The film, which was made with archival footage and includes excerpts from De Niro Sr.’s journals as well as interviews with friends recorded after his death, evolved from a personal, archival project into a public project, released by HBO in 2014 and scheduled for re-release this year. Peltz said she and her colleagues realized that De Niro Sr.’s story was representative of other artists’ experiences as well as a narrative about his own dedication to his art.

Asked by an audience member if he had any concerns about making the film public, De Niro said: “I had no reservations. I had to do it.” He answered a question about the impact making the film had on his grieving process by saying: “It helped because I did what I set out to do. It was my obligation, my responsibility.”

That sense of responsibility arises in part from De Niro’s firsthand knowledge of the depth of his father’s commitment to his art. “His dedication even when he was young — it was very strong. I saw it and I sensed it,” the actor said, fighting back tears.
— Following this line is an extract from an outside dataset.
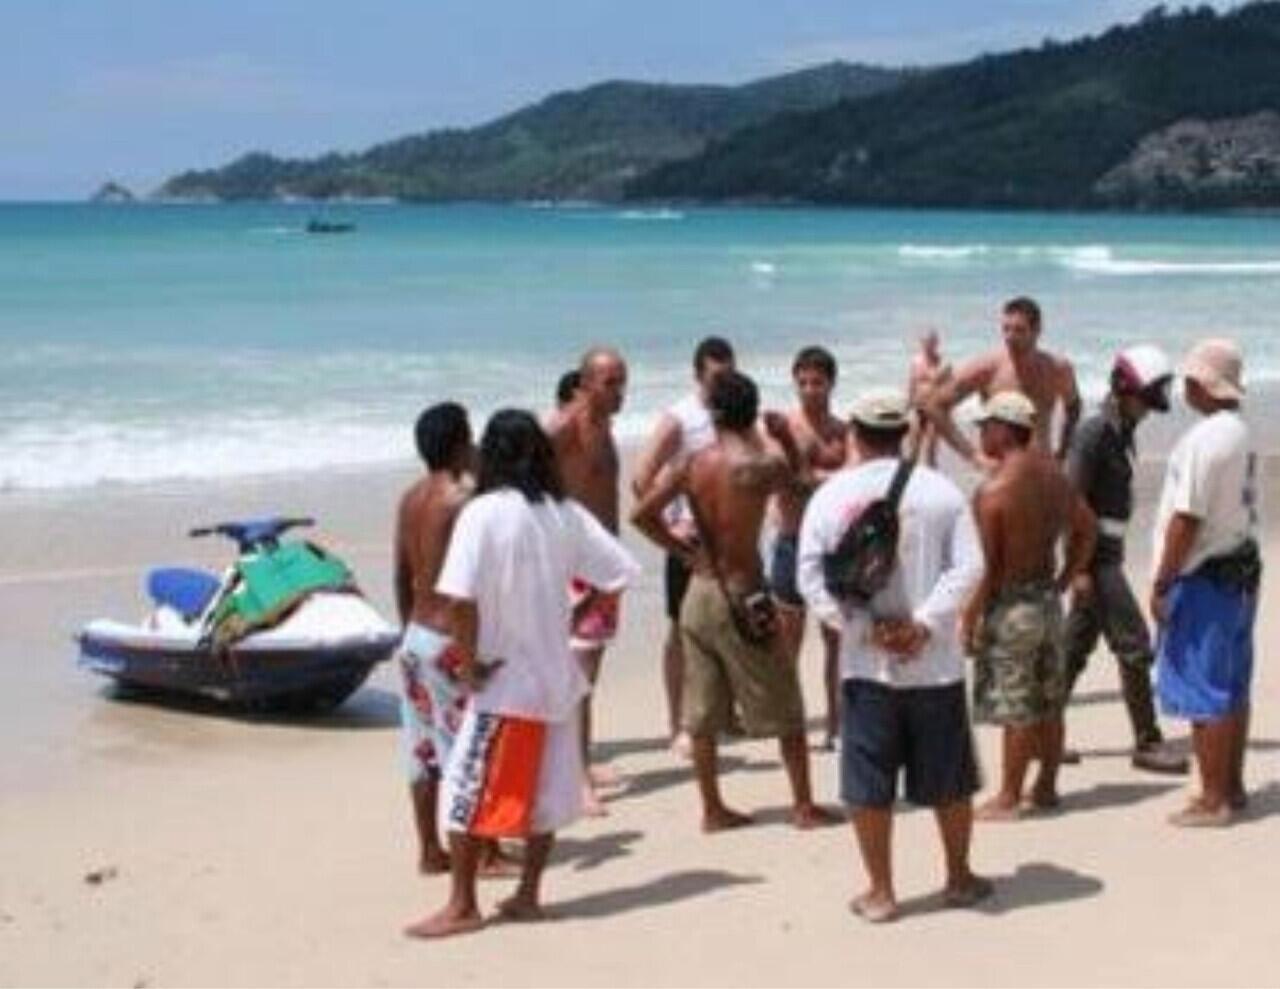 """Hati-Hati! Praktik Penipuan """"Jetski Scam"""" yang Menjamur di Thailand. Waduh!"""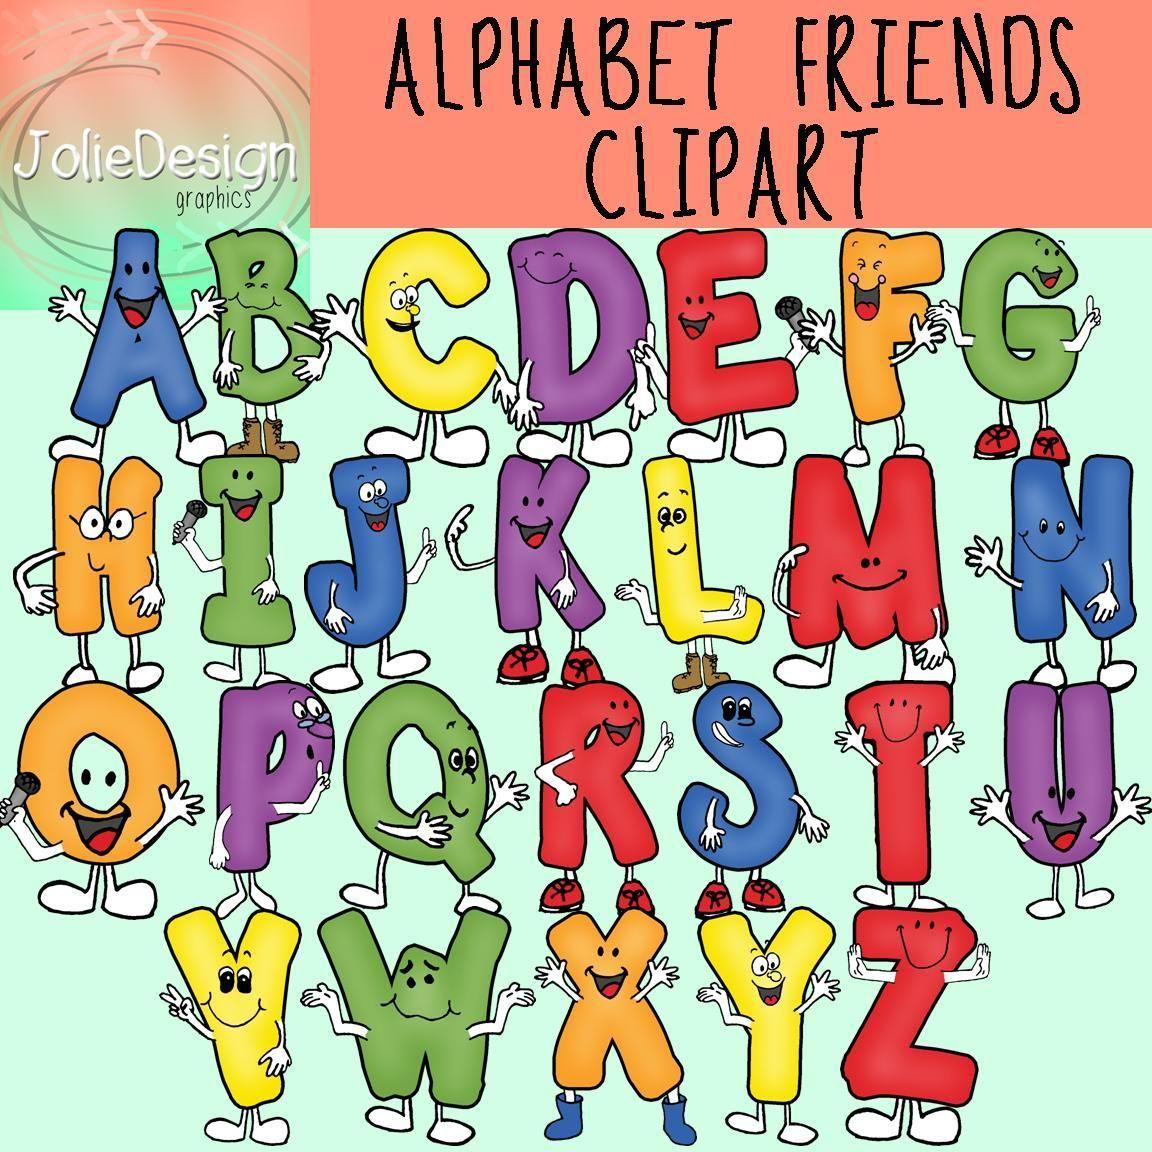 Friend clipart alphabet. Friends set color and

In the film, De Niro says of his father, “part of recognition is luck… I just want to see him get his due.” Kelly noted that De Niro Sr. had an exhibition every year during his career, which she identified as a signal achievement, but one that did not seem to satisfy the artist. De Niro said that his father worked almost compulsively. “That was what my father wanted to do. It’s not even a virtue, it’s just what he wanted to do.”

A student asked De Niro for advice about how to avoid having regrets about one’s relationship with his or her parents. “A lot of us still have the opportunity to know our parents,” the student said. “Do you have advice on how we can know and love them?”

Robert De Niro
Robert De Niro discussed his late father's devotion to his art.

“Don’t take them for granted while they are around, because one day they won’t be,” De Niro answered. “You have to force yourself to do certain things with your parents. I wish I had spent more time with my parents, even if in the moment you don’t want to… Just try to be aware.”

De Niro added that he did not view his own busyness during his parents’ lifetime as a regret and that he did make time for them and travel with them. As an active person, he said, he wanted his own children to be active and feels that his parents were happy that he had not been doing something “negative, wallowing or depressing” during their lifetimes.

Peltz shared a story about De Niro Sr. — whom his former students had characterized as a man of few words in class — insisting that all of his art students to go out and see his son’s first film when it came out. “We know he was tremendously proud of Bob and his work,” she said.

During the hourlong presentation, De Niro and the panelists answered a variety of questions from audience members, who formed two long lines at the microphones. Almost all of them thanked the actor and the panelists for being there, several described De Niro’s visit as “a blessing.” At least two became emotional when their questions included references to their own late fathers.

When asked for advice from a student filmmaker on what he should do to make inroads in the industry, De Niro’s advice seemed to reflect what he had learned watching his father. He said, “Follow your own instincts. Nobody can do it like you. That’s the simplest way to distinguish yourself.”